Huenna orbits the Sun at an average distance—its semi-major axis—of 3.14 astronomical units (AU), placing it in the main asteroid belt. Along its 5.57 year long orbit, its distance from the Sun varies from 2.58 AU at perihelion to 3.70 AU at aphelion due to its orbital eccentricity of 0.18. Its orbit is inclined by 1.67° with respect to the ecliptic plane. It is categorized as a member of the Themis family, an asteroid family located in the outer main belt whose largest member and namesake is 24 Themis. The Themis family is thought to have originated from the catastrophic disruption of a ~270 or 400 km sized object roughly 2.5±1.0 billion years (Gyr) ago.

== Physical characteristics ==
Huenna's diameter is estimated to be approximately 87.5 ± 8.2 km, with a system mass of roughly 5.22×10^17 kg and a derived density of 1.491±0.249 g/cm^{3}. Its lightcurve, or variations in its observed brightness as it rotates, suggests that it has a rotation period of about 14.14 hours; its axial tilt is unknown.

Huenna is classified as a primitive B-type asteroid under the Tholen classification scheme and a C-type asteroid under the Small Main-belt Asteroid Spectroscopic Survey, Phase II (SMASSII) classification scheme. A 2022 study of its spectrum led by V. V. Busarev supported its B-type classification but conflicted with its C-type classification. The apparent deviation from a typical C-type spectrum may be caused by the sublimation of icy material from Huenna's surface, creating a faint dusty coma that scatters light. It has a geometric albedo of 0.046.

==Satellite==

Huenna has one known natural satellite, designated S/2003 (379) 1.
It was discovered on 14 August 2003 by astronomer Jean-Luc Margot using the 10-m Keck II telescope at Mauna Kea. The satellite's discovery was announced the next day in an International Astronomical Union Circular. It is currently unnamed.

S/2003 (379) 1 orbits Huenna with a semi-major axis of 3487.9 ± 41.4 km, taking 80.216 days to complete one revolution.
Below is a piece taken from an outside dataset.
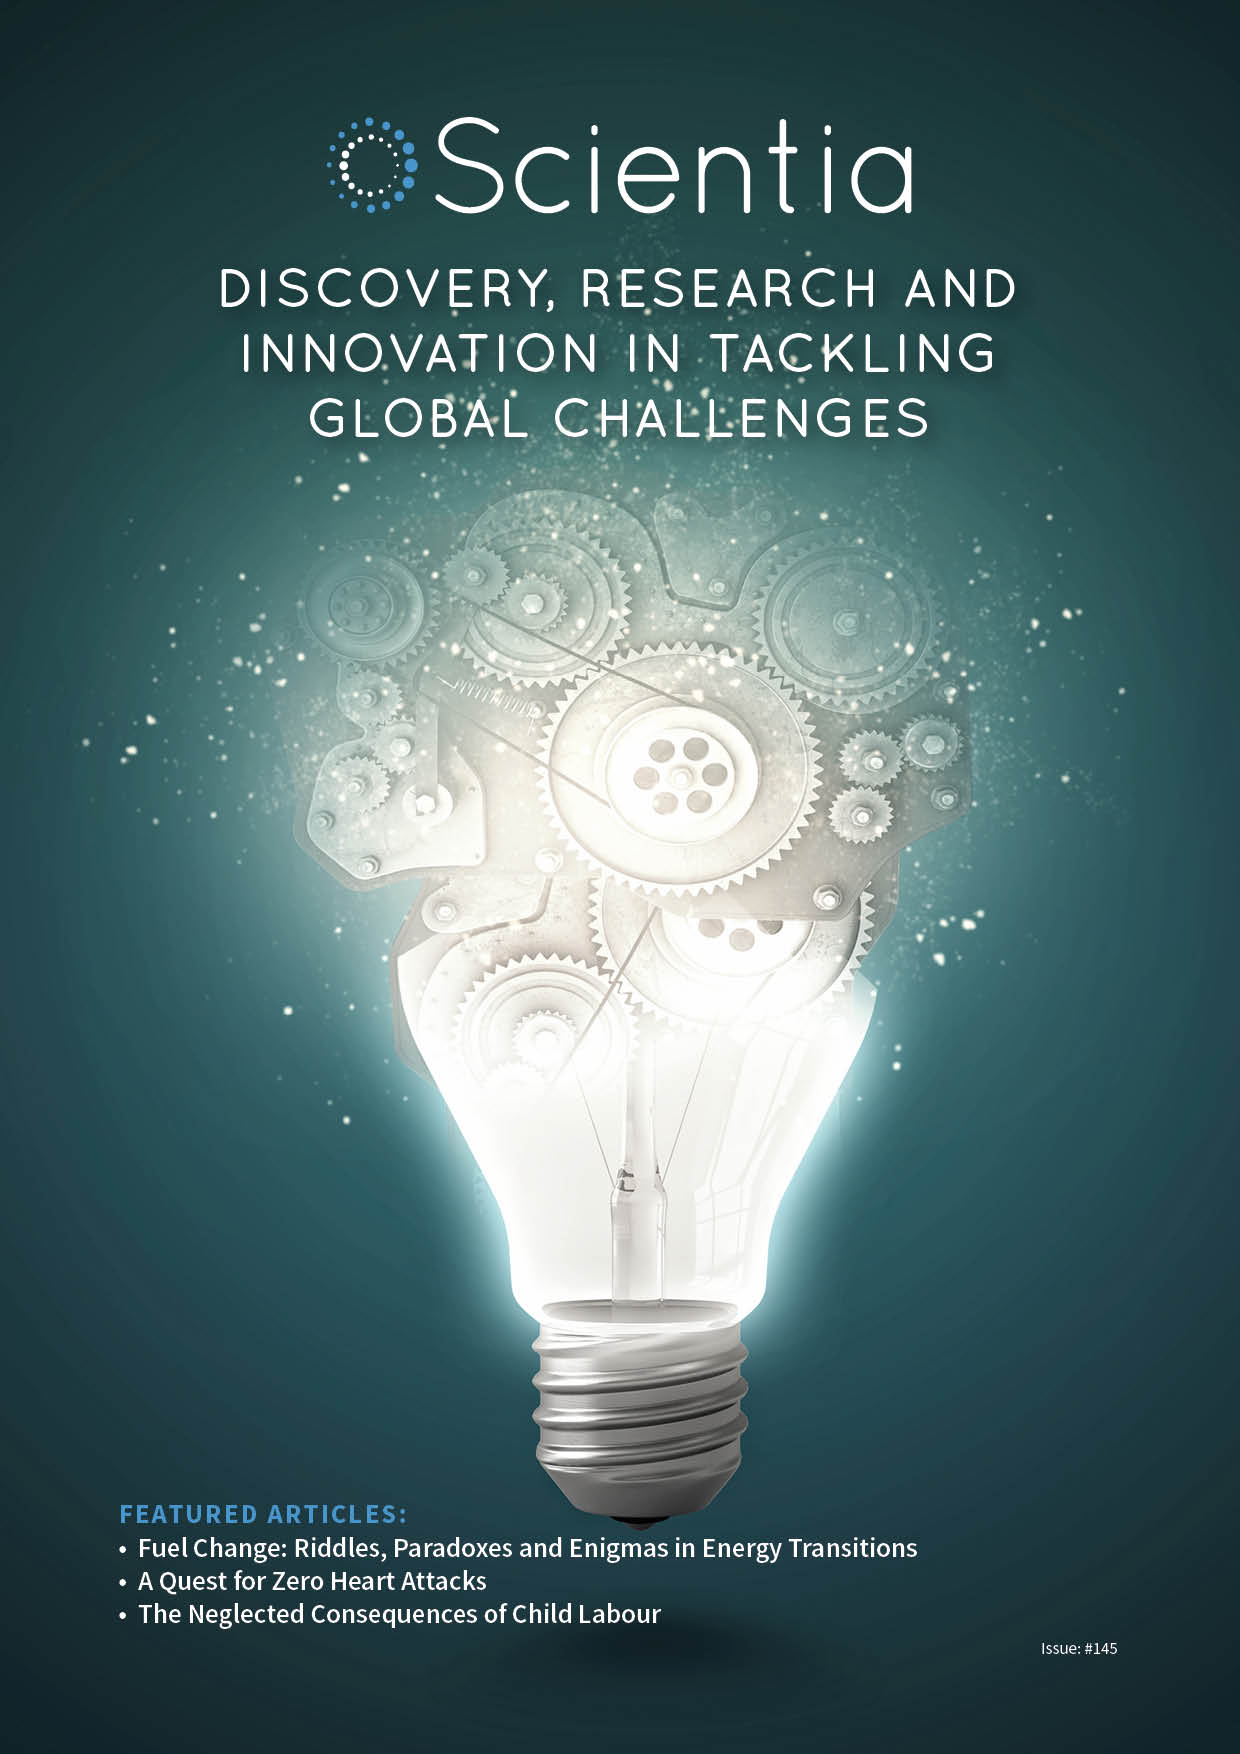 Scientia Issue #145 | Discovery, Research and Innovation in Tackling Global Challenges

It has an eccentric orbit, with an orbital eccentricity of 0.283±0.01, and its orbit is inclined by 151.19±0.68° with respect to the ecliptic. It is loosely bound to Huenna as their mutual separation is roughly half of Huenna's Hill radius.

S/2003 (379) 1 has an estimated diameter of 3.72 ± 0.6 km, making it one of the smallest known satellites of a large (> 50 km) asteroid. Its spectrum is consistent with a C-complex or X-complex categorization; the former encompasses the B-type and various C-subtypes, while the latter encompasses X-, Xc-, Xe-, and Xk-types. Small moons of large asteroids are thought to form in giant collisions, and as a result tend to have circular, coplanar, close-in orbits. However, S/2003 (379) 1's distant and eccentric orbit suggests a different origin and evolution. One potential origin is through capture, where S/2003 (379) 1 was once another Themis member asteroid or an interloper.